Description of the task:
The entries that follow include a run beginning at the line with "Stainless Steel Baking" and ending at the line with "Kitchen & overhead"; restate that run word for word and leave the rest out.

[Data entries]
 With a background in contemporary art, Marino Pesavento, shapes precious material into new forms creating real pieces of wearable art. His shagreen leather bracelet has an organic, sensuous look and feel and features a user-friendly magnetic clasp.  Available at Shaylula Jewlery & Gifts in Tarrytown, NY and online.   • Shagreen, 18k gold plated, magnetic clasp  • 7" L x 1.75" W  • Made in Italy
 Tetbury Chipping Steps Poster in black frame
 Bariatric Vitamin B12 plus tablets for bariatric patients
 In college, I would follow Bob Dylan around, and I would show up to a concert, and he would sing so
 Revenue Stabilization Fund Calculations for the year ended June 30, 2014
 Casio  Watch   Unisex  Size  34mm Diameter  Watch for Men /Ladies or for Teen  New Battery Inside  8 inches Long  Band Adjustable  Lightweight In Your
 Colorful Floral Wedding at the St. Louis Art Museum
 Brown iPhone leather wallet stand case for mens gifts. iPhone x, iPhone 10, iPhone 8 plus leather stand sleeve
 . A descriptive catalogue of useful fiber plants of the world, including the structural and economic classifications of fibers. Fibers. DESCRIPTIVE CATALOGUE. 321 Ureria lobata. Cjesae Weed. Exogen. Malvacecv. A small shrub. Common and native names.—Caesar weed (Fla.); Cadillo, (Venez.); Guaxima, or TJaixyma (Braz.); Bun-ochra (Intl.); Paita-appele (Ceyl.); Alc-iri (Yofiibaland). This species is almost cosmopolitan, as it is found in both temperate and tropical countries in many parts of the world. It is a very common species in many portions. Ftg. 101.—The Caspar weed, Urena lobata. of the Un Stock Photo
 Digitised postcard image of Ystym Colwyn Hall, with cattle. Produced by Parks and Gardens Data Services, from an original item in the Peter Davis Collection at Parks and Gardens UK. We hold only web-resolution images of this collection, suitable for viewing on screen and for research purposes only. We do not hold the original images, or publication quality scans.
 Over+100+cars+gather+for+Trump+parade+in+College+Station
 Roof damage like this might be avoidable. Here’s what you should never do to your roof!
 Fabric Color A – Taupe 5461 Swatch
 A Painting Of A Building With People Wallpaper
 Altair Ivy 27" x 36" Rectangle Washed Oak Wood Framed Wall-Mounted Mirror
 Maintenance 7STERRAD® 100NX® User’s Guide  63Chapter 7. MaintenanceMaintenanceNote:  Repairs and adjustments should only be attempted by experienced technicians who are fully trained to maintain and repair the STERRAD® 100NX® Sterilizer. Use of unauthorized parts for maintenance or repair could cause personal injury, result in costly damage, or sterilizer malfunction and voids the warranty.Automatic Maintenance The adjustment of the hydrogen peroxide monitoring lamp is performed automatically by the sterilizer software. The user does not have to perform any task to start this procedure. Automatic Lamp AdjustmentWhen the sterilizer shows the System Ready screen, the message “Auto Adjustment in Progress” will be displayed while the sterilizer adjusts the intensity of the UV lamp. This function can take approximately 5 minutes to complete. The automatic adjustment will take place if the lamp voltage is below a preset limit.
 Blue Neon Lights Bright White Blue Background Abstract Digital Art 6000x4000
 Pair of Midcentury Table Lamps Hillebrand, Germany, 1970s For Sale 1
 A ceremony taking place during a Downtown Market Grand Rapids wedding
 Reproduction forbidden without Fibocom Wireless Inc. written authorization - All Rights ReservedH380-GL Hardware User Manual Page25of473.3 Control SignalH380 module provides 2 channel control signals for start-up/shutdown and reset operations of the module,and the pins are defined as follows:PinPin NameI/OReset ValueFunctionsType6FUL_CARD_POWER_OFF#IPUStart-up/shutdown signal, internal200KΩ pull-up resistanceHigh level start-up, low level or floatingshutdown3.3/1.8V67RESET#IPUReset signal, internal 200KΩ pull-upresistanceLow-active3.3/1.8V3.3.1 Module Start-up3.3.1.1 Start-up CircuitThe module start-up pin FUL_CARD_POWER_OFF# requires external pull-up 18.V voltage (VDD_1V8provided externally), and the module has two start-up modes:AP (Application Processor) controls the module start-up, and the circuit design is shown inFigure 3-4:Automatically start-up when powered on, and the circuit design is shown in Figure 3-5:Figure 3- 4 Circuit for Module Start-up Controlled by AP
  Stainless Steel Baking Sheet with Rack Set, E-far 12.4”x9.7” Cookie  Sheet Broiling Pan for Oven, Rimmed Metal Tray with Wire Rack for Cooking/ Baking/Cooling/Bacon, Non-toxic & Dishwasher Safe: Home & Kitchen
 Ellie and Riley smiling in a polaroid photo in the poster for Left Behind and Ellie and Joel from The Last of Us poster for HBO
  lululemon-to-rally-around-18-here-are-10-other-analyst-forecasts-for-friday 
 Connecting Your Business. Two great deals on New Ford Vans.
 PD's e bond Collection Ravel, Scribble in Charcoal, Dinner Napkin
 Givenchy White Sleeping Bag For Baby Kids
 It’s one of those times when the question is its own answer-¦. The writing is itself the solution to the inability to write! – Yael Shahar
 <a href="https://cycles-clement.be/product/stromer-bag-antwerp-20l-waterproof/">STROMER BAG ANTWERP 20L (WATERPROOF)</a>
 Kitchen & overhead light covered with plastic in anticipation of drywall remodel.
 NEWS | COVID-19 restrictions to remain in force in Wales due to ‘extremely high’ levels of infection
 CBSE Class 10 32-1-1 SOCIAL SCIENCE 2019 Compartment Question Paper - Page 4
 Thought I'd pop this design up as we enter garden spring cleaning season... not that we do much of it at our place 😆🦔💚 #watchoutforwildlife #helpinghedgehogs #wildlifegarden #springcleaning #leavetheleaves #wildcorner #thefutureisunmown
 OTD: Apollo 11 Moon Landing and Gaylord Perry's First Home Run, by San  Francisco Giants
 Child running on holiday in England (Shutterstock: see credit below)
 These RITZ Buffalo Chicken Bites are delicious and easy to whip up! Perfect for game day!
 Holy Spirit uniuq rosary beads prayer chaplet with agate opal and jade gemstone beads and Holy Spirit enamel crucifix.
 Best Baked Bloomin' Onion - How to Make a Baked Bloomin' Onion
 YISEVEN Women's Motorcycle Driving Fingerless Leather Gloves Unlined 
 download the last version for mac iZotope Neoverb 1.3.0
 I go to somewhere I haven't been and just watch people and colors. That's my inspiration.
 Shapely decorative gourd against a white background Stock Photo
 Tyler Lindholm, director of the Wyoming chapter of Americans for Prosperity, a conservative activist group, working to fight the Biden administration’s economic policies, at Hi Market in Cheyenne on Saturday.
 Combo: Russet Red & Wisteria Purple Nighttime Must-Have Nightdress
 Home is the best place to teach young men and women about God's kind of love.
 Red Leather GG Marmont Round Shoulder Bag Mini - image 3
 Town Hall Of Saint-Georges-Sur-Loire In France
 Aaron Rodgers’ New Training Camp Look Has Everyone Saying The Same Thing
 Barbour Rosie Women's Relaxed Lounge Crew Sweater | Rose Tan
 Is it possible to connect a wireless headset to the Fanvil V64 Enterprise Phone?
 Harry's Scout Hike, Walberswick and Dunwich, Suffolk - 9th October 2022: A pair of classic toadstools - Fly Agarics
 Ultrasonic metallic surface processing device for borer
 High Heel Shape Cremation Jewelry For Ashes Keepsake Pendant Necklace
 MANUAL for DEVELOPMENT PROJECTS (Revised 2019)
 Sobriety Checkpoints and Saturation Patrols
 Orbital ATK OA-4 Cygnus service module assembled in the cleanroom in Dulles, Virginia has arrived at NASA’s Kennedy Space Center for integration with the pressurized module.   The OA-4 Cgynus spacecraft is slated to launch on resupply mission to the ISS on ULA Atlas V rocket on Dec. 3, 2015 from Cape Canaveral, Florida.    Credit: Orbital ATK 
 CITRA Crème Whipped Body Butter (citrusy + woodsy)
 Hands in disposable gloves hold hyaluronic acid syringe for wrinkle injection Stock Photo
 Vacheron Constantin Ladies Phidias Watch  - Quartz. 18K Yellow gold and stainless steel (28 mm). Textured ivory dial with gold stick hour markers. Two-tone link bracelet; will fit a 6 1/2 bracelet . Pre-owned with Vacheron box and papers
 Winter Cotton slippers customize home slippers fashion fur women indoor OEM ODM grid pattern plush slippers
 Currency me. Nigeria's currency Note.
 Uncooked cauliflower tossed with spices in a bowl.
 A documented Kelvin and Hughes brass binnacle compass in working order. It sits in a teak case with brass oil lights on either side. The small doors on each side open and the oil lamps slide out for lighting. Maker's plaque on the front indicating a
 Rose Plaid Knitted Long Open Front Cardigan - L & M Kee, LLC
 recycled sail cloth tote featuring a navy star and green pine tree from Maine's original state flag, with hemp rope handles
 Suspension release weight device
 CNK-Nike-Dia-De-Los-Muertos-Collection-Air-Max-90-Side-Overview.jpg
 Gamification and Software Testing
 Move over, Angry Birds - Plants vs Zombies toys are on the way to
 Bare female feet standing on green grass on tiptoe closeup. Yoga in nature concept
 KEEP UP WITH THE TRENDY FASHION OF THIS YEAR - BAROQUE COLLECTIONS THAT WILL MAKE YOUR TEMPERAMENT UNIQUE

Answer box:
  Stainless Steel Baking Sheet with Rack Set, E-far 12.4”x9.7” Cookie  Sheet Broiling Pan for Oven, Rimmed Metal Tray with Wire Rack for Cooking/ Baking/Cooling/Bacon, Non-toxic & Dishwasher Safe: Home & Kitchen
 Ellie and Riley smiling in a polaroid photo in the poster for Left Behind and Ellie and Joel from The Last of Us poster for HBO
  lululemon-to-rally-around-18-here-are-10-other-analyst-forecasts-for-friday 
 Connecting Your Business. Two great deals on New Ford Vans.
 PD's e bond Collection Ravel, Scribble in Charcoal, Dinner Napkin
 Givenchy White Sleeping Bag For Baby Kids
 It’s one of those times when the question is its own answer-¦. The writing is itself the solution to the inability to write! – Yael Shahar
 <a href="https://cycles-clement.be/product/stromer-bag-antwerp-20l-waterproof/">STROMER BAG ANTWERP 20L (WATERPROOF)</a>
 Kitchen & overhead light covered with plastic in anticipation of drywall remodel.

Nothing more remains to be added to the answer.